Koordinator MPBI DIY, Irsad Ade Irawan, mengatakan, salah satu tuntutan buruh adalah pencabutan Undang-Undang Cipta Kerja (Omnibus Law), yang dinilai belum berpihak kepada pekerja. “Situasi perburuhan Indonesia sudah buruk dan carut-marut, bahkan sebelum kemunculan UU Cipta Kerja,” kata dia, Rabu (1/5/2024).
Irsad juga menyampaikan tuntutan terkait upah. MPBI DIY menolak penerapan kebijakan upah murah. Untuk itu, upah minimum provinsi (UMP) dan upah minimum kabupaten/kota (UMK) di DIY diminta dinaikkan, minimal 15 persen. Pasalnya, kata dia, besaran upah minimum di DIY masih jauh dari kebutuhan hidup layak (KHL).
“Pekerja/buruh di DIY harus mengalami defisit ekonomi lantaran biaya hidup layak jauh lebih mahal dibandingkan dengan UMP maupun UMK,” kata Irsad.
MPBI DIY pun menyarankan kepada pemerintah agar membuat upah layak nasional, yang benar-benar dapat mendorong kesejahteraan buruh/pekerja. Terkait hal itu, MPBI meminta penyediaan transportasi layak bagi pekerja/buruh dengan tarif murah, dengan rute yang melewati kawasan industri.
Tuntutan lainnya terkait program penguatan koperasi pekerja/buruh, jaminan sosial semesta seumur hidup bagi pekerja/buruh, hingga program pendidikan gratis. “Turunkan harga sembako,” kata Irsad.
Ihwal pelindungan terhadap pekerja/buruh juga menjadi sorotan, pun para pencari kerja. “Perkuat pengawasan ketenagakerjaan.

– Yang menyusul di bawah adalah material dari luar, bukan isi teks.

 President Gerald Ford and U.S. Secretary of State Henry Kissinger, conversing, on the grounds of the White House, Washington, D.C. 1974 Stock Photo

Pastikan semua tempat kerja didata, diawasi, dan laporan dapat cepat diatasi. Hapus syarat usia, jenis kelamin, dan syarat–syarat lain yang mendiskriminasi para pencari kerja,” kata Irsad.

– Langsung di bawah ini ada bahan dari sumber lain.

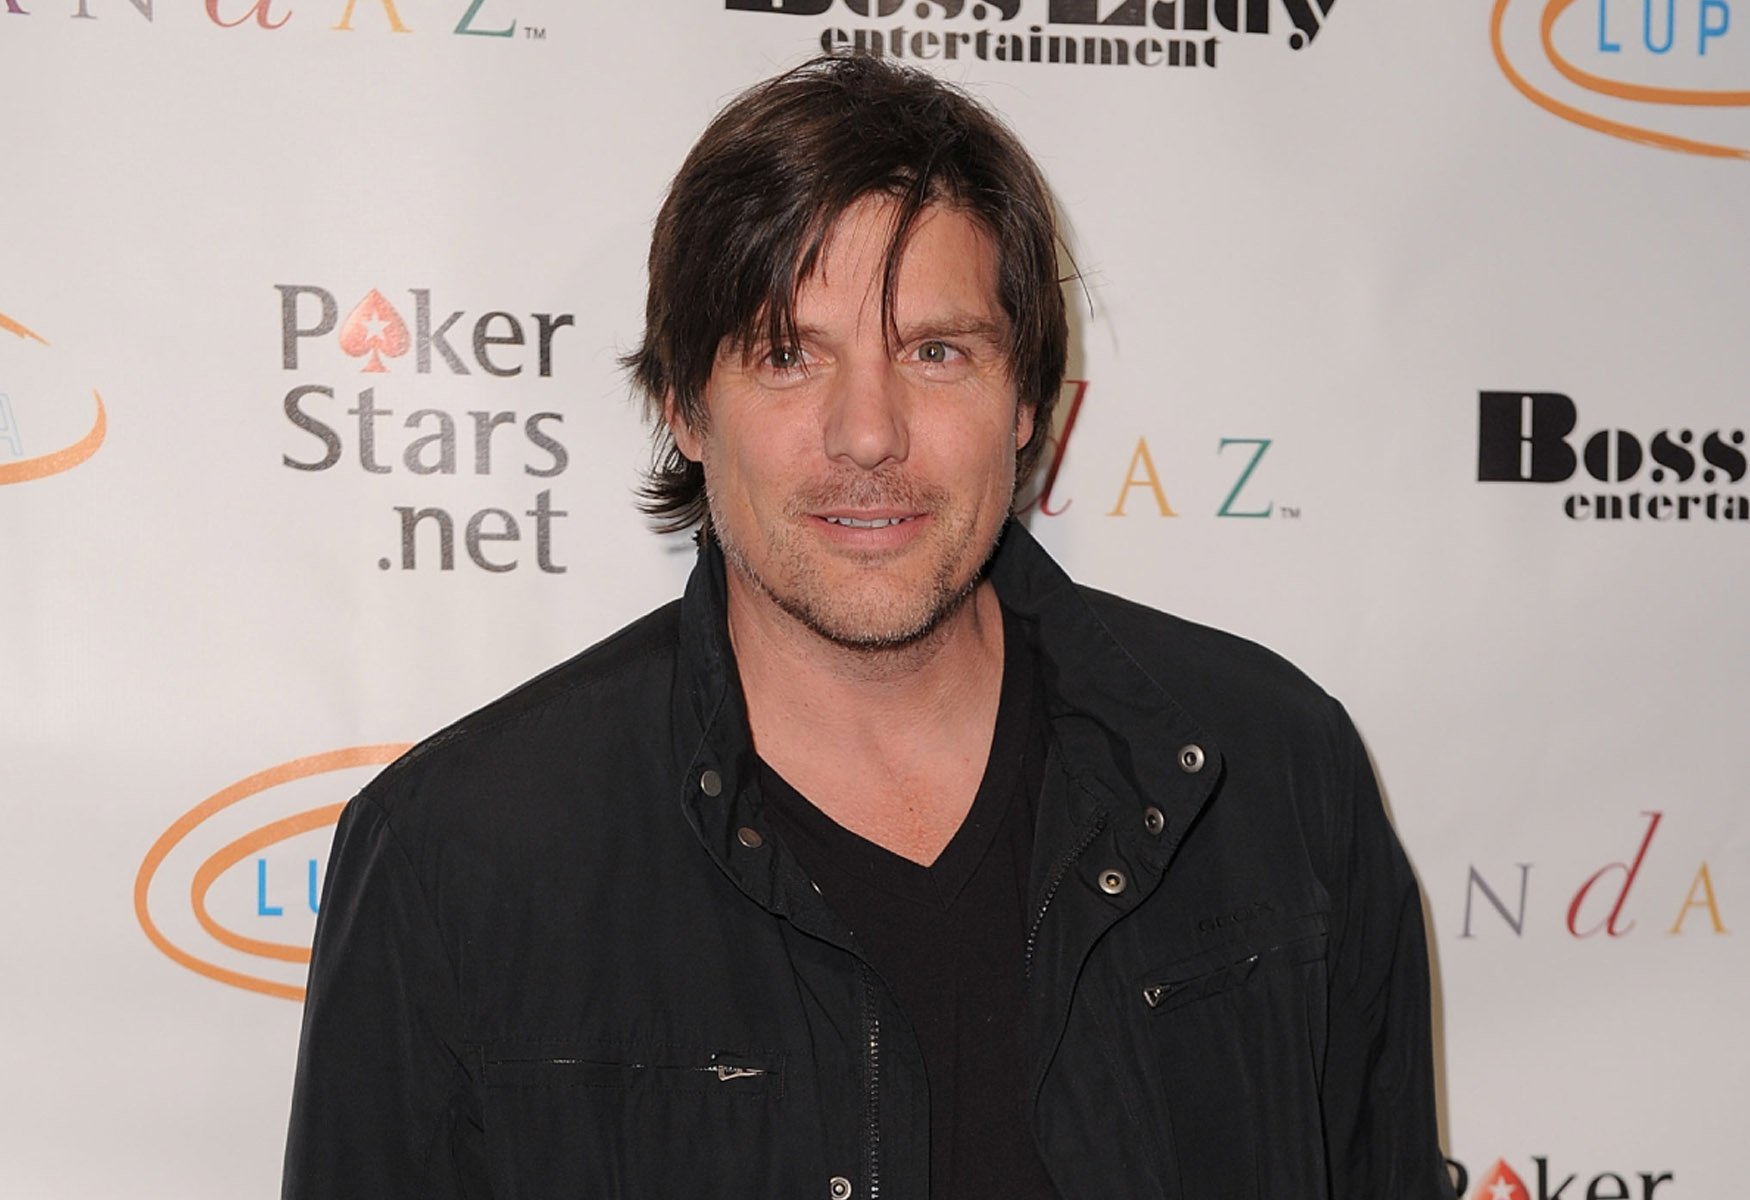 13-intriguing-facts-about-paul-johansson

Selain itu, MPBI DIY menuntut pengesahan Rancangan Undang-Undang (RUU) Pelindungan Pekerja Rumah Tangga (PPRT) dan RUU Kesejahteraan Ibu dan Anak. MBPI DIY juga mendorong pelindungan terhadap para pekerja/buruh migran dari berbagai ancaman, seperti kondisi kerja yang buruk dan ketidakpastian hukum, sampai masalah perdagangan manusia.

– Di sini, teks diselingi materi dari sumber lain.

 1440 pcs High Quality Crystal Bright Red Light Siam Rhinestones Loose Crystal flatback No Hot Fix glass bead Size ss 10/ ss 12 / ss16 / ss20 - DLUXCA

MPBI DIY menyoroti pula sistem pekerja kontrak, outsourcing, serta sistem pemagangan yang eksploitatif. Semuanya diminta dihapuskan. “Bangun ekosistem ekonomi kreatif dan kebijakan yang menyejahterakan dan melindungi seniman, pekerja seni, dan pekerja ekonom kreatif lainnya,” kata Irsad.
Kemudian tuntutan terkait percepatan pelaksanaan reforma agraria. MPBI DIY juga meminta pendistribusian Sultan Ground (SG) dan Paku Alam Ground (PAG) untuk perumahan pekerja/buruh.